Supplied data:
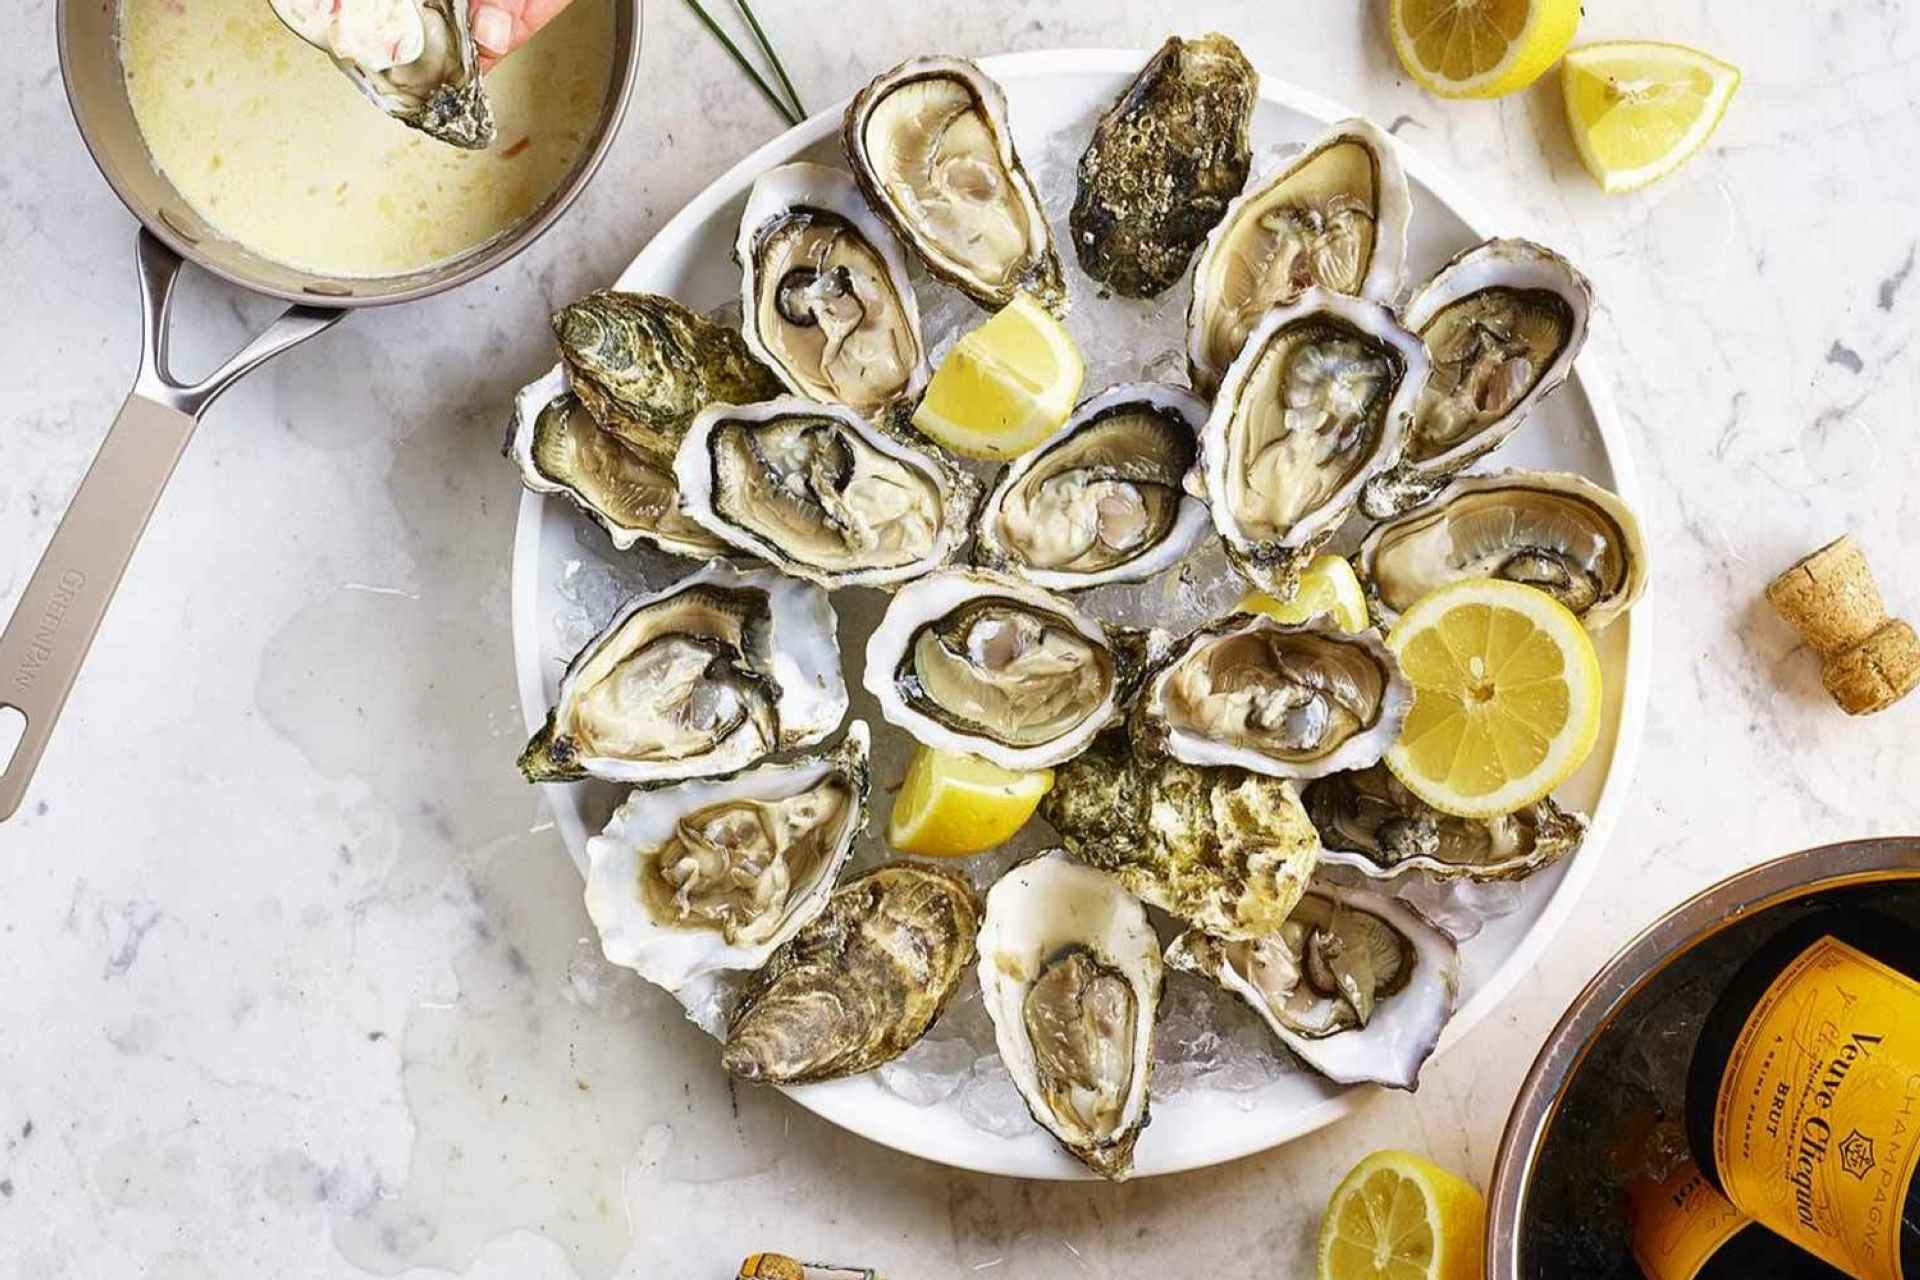 shellfish recipes. oyster recipes, clam recipes
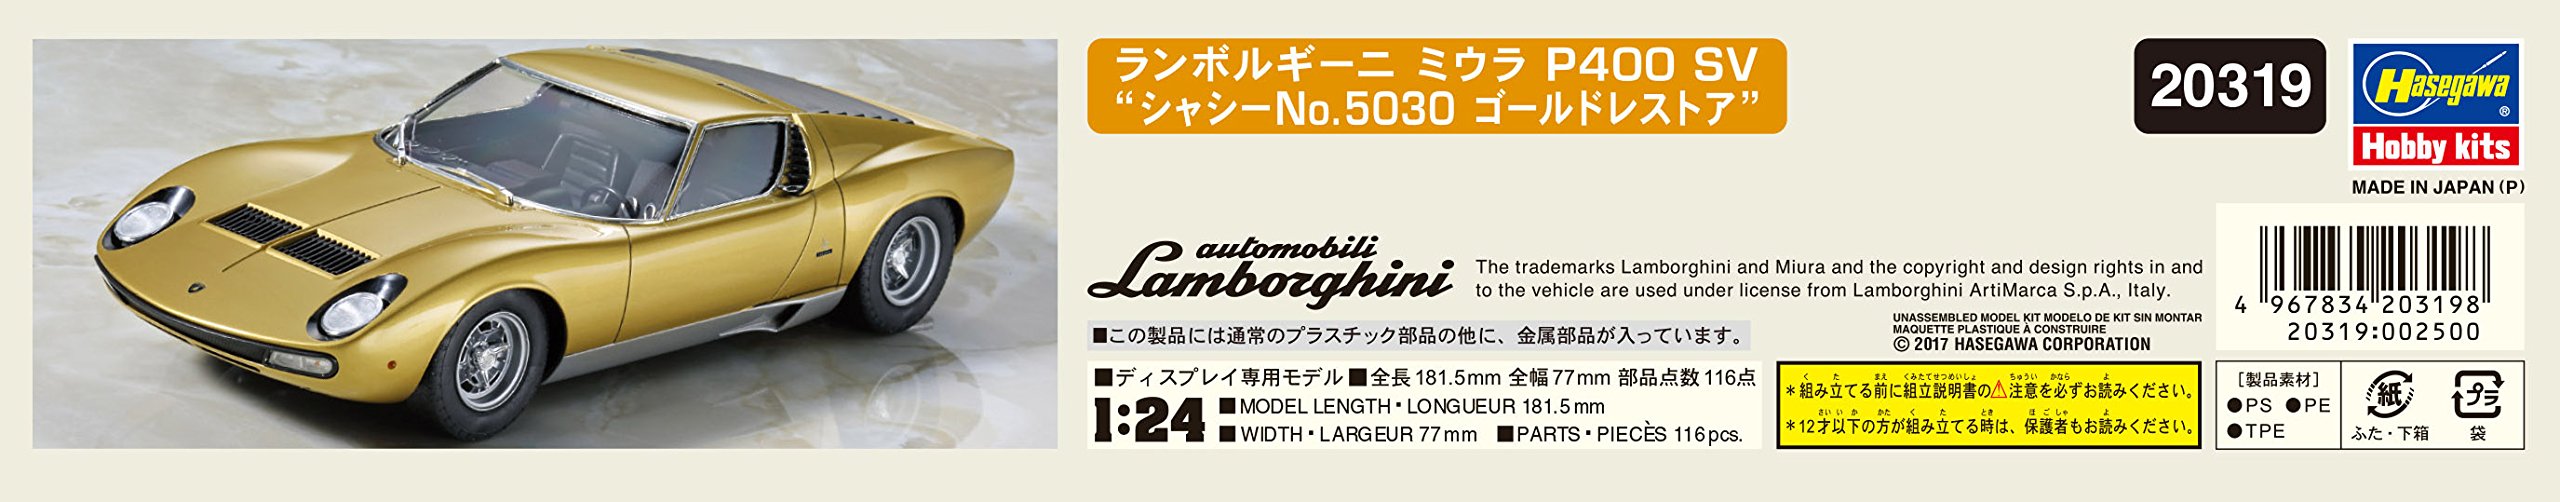 HASEGAWA 20319 Lamborghini Miura P400 Sv 'Chassis No.5030' Gold Restore 1/24 Scale Kit
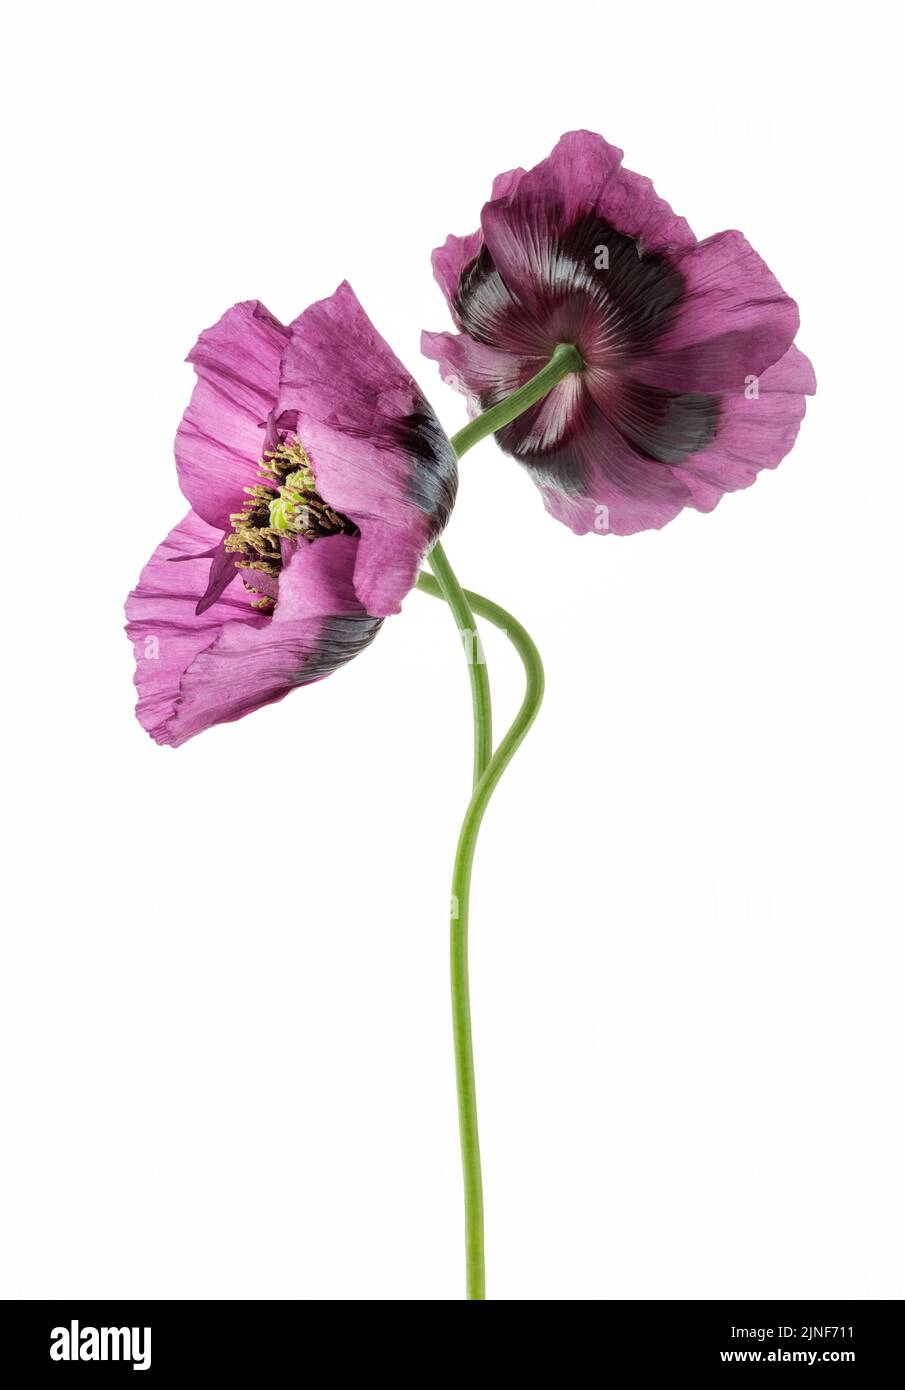 Deux coquelicots violets en fleur sur fond blanc Banque D'Images
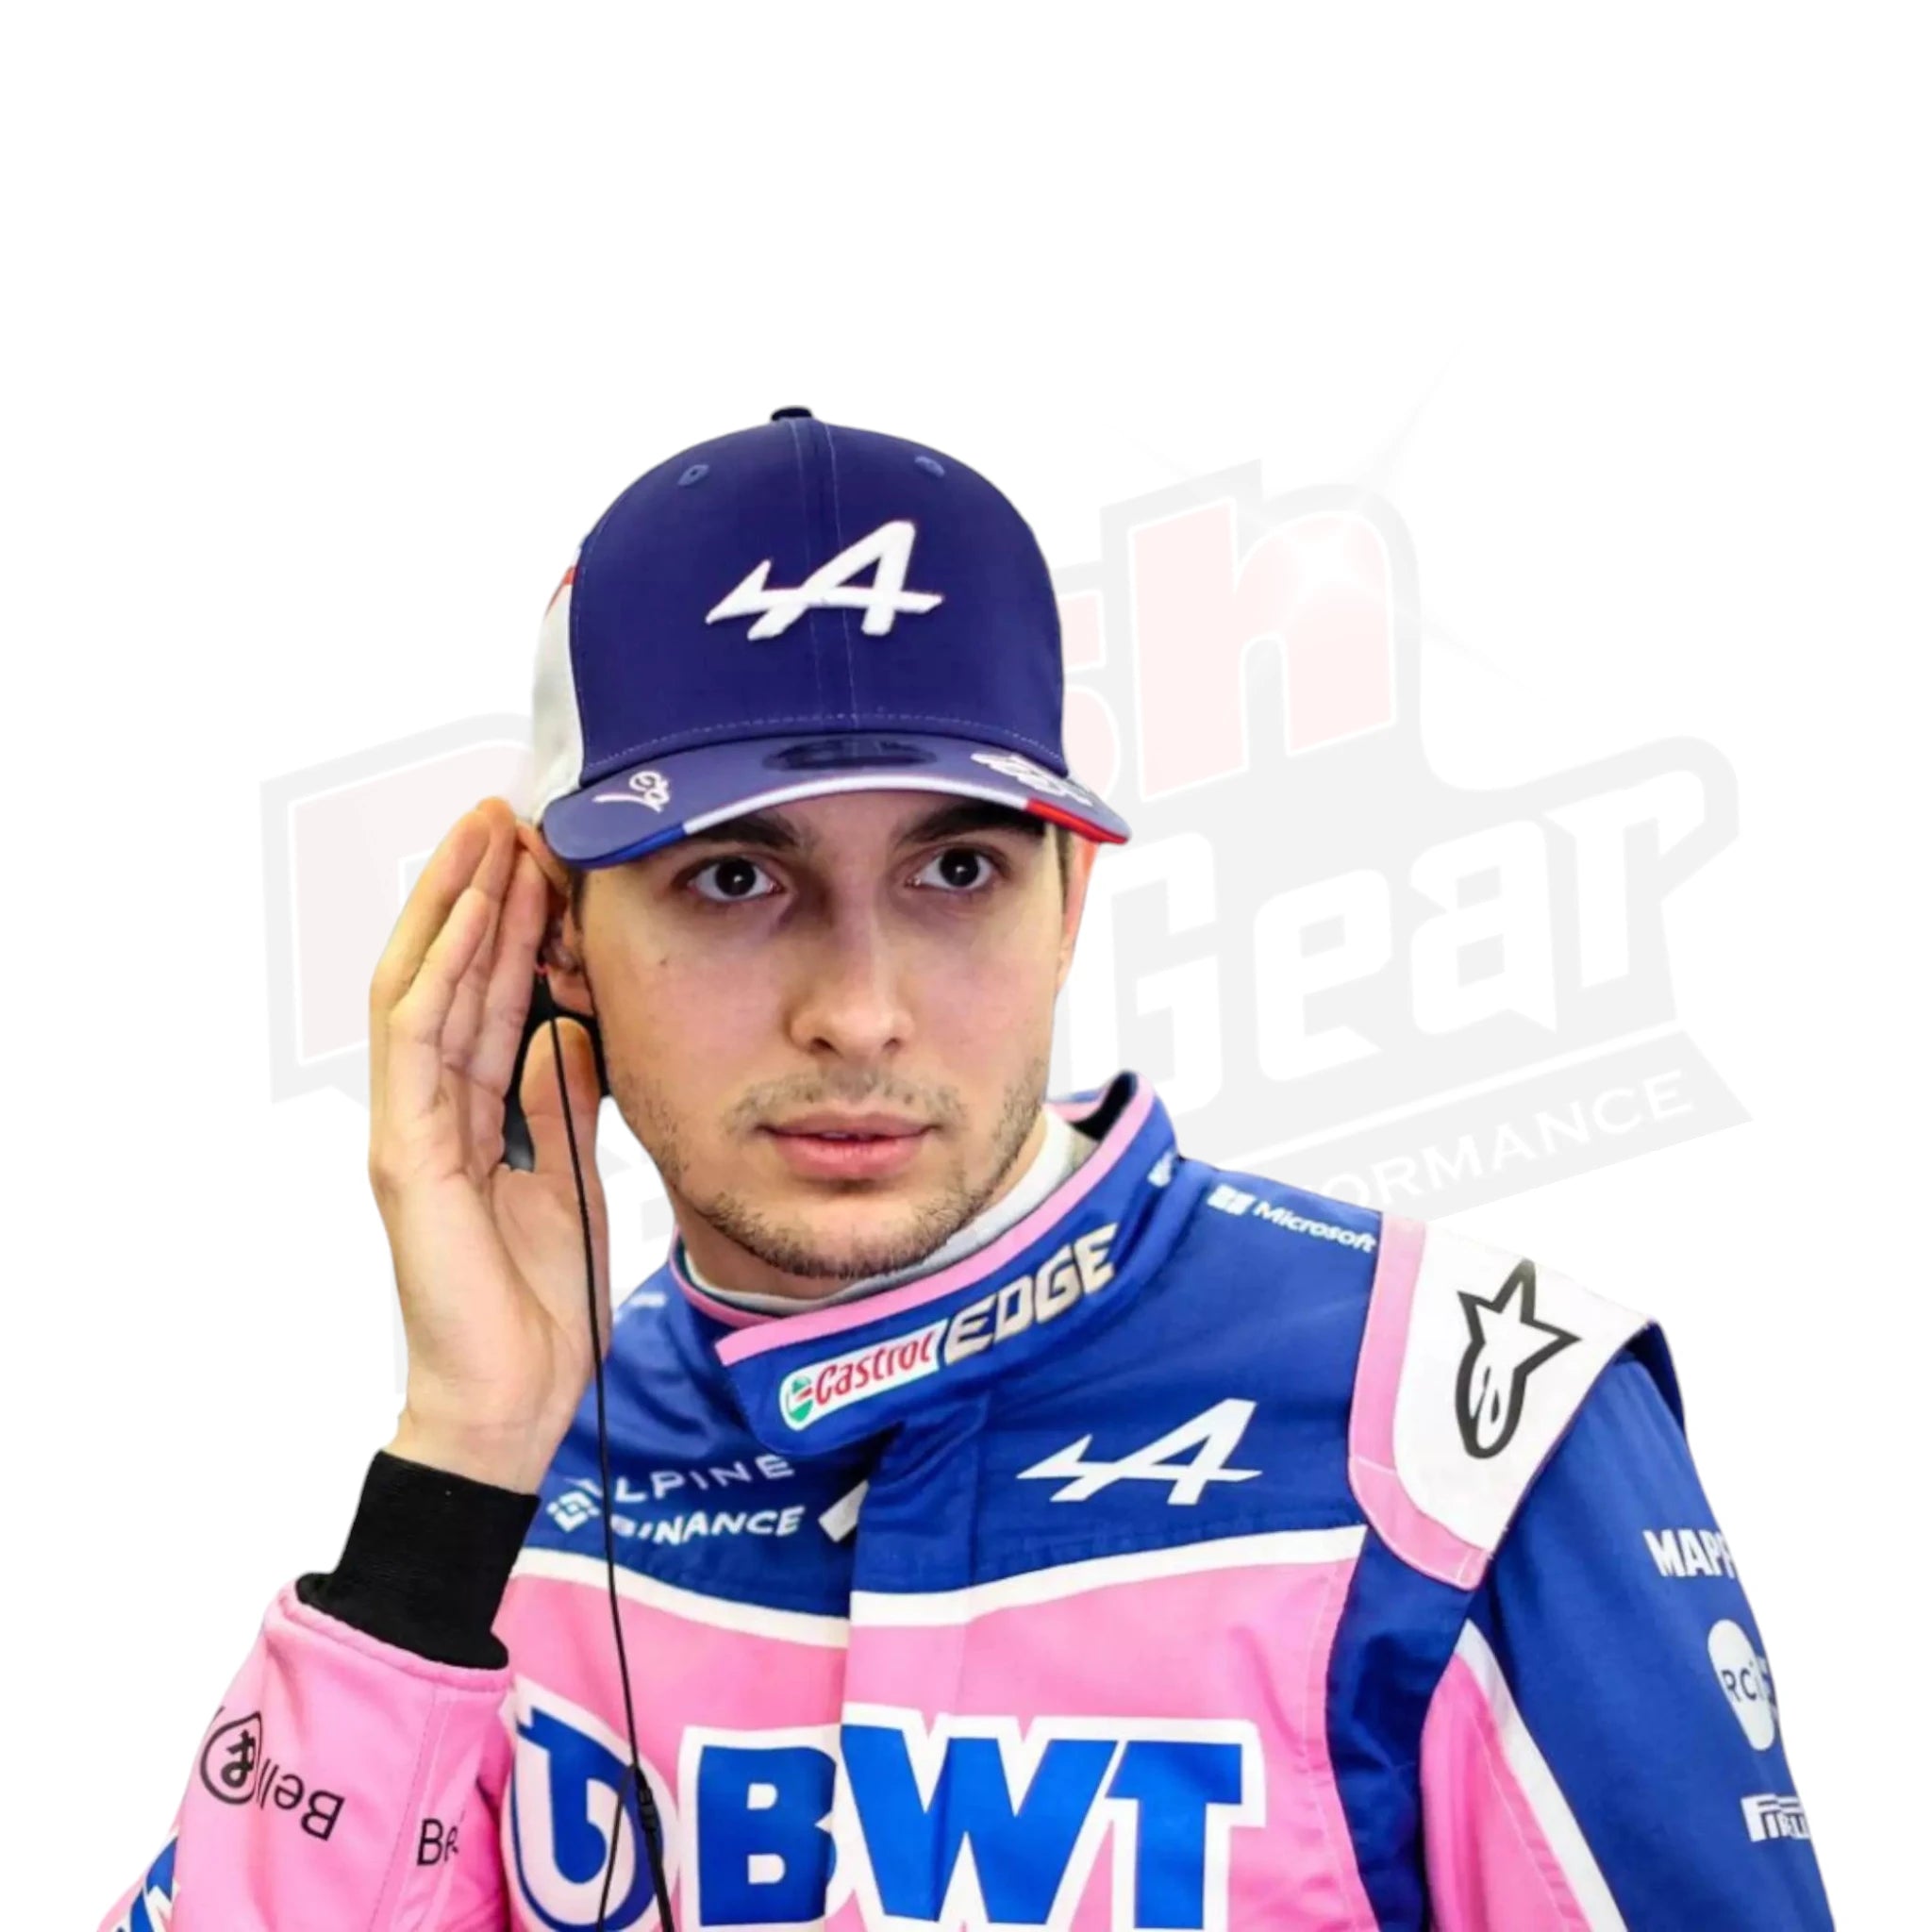 2022 Esteban Ocon Race Suit Australian GP F1

Your objective:
Set down word for word, from the line that contains "HASEGAWA 20319 Lamborghini" to the end of the listing above, every line and no picture.

Written reply:
 HASEGAWA 20319 Lamborghini Miura P400 Sv 'Chassis No.5030' Gold Restore 1/24 Scale Kit
 Deux coquelicots violets en fleur sur fond blanc Banque D'Images
 2022 Esteban Ocon Race Suit Australian GP F1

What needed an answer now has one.